Run the following command to verify change tracking is enabled on the tables:

SELECT schema_name(T.schema_id) as SCH_NAME ,T.NAME,CT.min_valid_version  ,ct.*
FROM northwind.sys.tables T LEFT OUTER JOIN sys.change_tracking_tables CT on T.object_id = CT.object_id
WHERE min_valid_version is not null

To test how change tracking will retrieve the updated rows, run the following commands:
1. Note the current change tracking version using the function CHANGE_TRACKING_CURRENT_VERSION (). Let’s assume this value is 26.
2. Update a row in the customers table.
3. To find which row in customer table is updated, use the CHANGETABLE function with the version number (26 in this example) as a parameter.

DECLARE @CTCV INT;
SELECT @CTCV = CHANGE_TRACKING_CURRENT_VERSION () ;

-- In this example , the current value is 26
SELECT @CTCV

-- update a record in customer table
UPDATE dbo.CUSTOMERS SET CompanyName ='camilo2' where CUSTOMERID = 'ALFKI'

-- Get all the changes that are made after version 26 in this example.
SELECT P.*,'--',CT.* FROM customers AS P JOIN CHANGETABLE(CHANGES northwind.dbo.customers,@CTCV ) AS CT ON  P.customerid = CT.customerid;

It’s essential to enable change tracking on the tables that need continuous replication before starting a full load with AWS DMS. This enables the system to keep track of all data modification operations (DML) on the designated tables from the beginning of the full load.

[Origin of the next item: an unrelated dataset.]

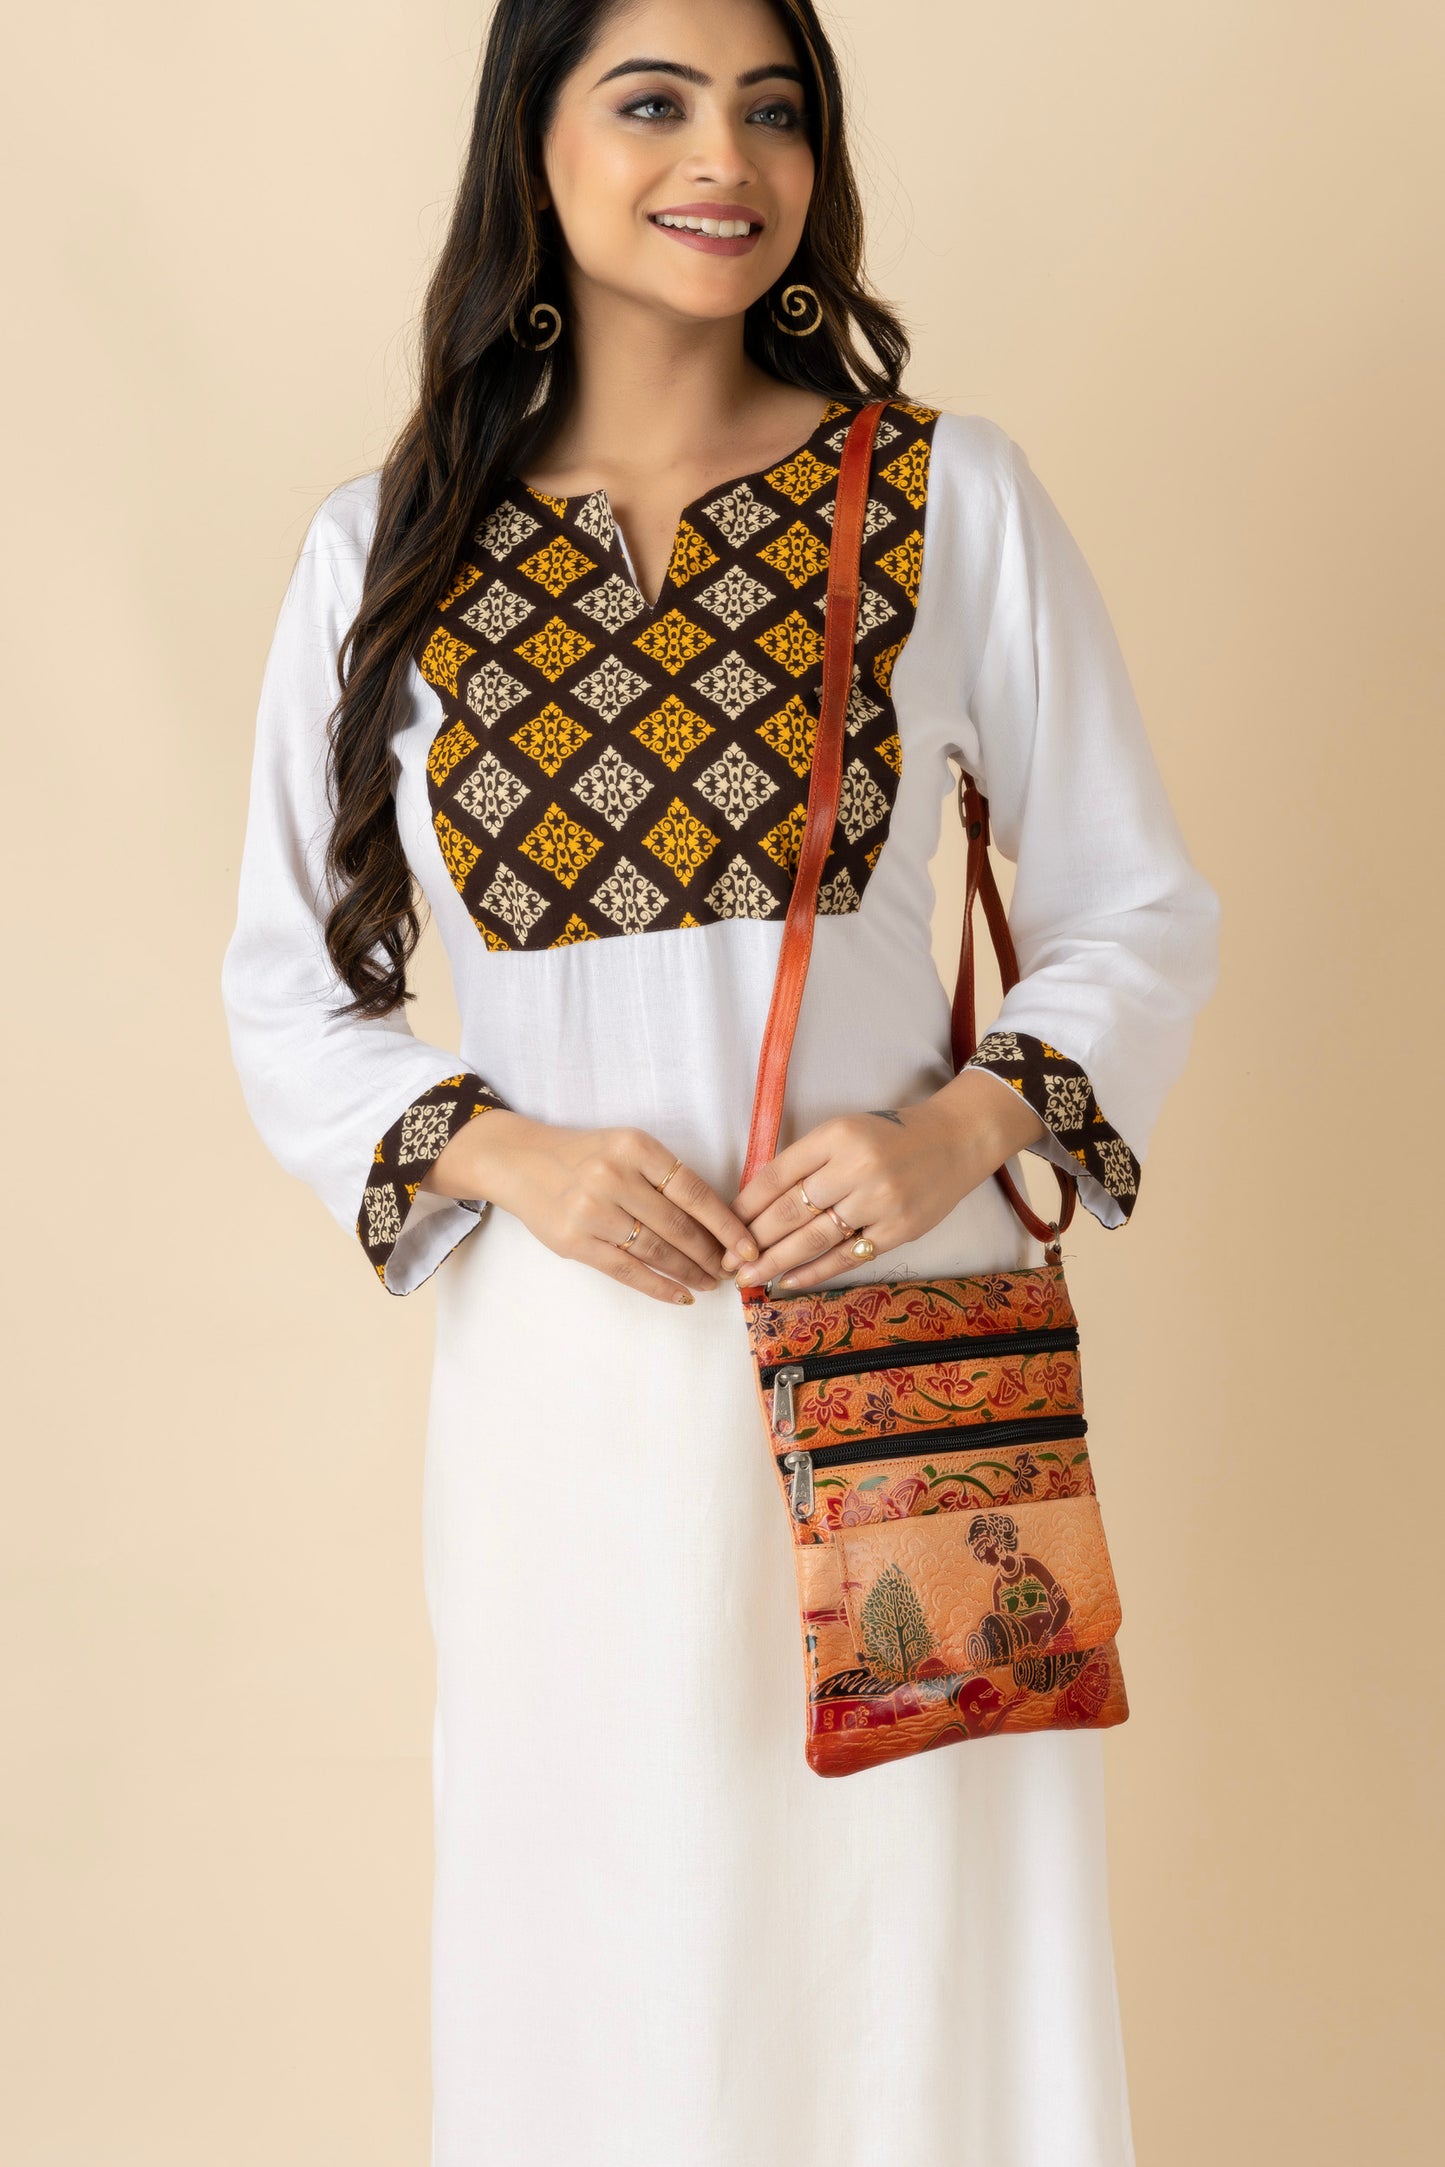 Shantiniketan Leather Traditional Printed Women Brown Cross Body Sling Messenger Bag (9*7)

Migrate the source database with initial full load using AWS DMS to target

To migrate the source database with full load using AWS DMS to target, perform the following steps. Refer to Migrate SQL Server to Babelfish for Aurora PostgreSQL using the Compass tool and AWS DMS to create and connect to a Babelfish for Aurora PostgreSQL cluster. The post also outlines the steps to migrate the data from SQL Server to Babelfish using AWS DMS.

On the target server, create the schema of the Northwind database. You can download a Northwind sample schema from the GitHub repo.
Migrate the data from the source to the target using the full load setting in AWS DMS. For instructions, refer to Using Babelfish for Aurora PostgreSQL as a target for AWS Database Migration Service.

Create a linked server at the target to the source SQL Server

To configure a linked server in Babelfish for Aurora PostgreSQL, refer to Babelfish supports linked servers. Complete the following steps:

Connect to the target database instance using SSMS or SQLCMD and run the following command. Here, we use SQLCMD to connect to the Babelfish for Aurora PostgreSQL instance. Replace the parameters with appropriate values.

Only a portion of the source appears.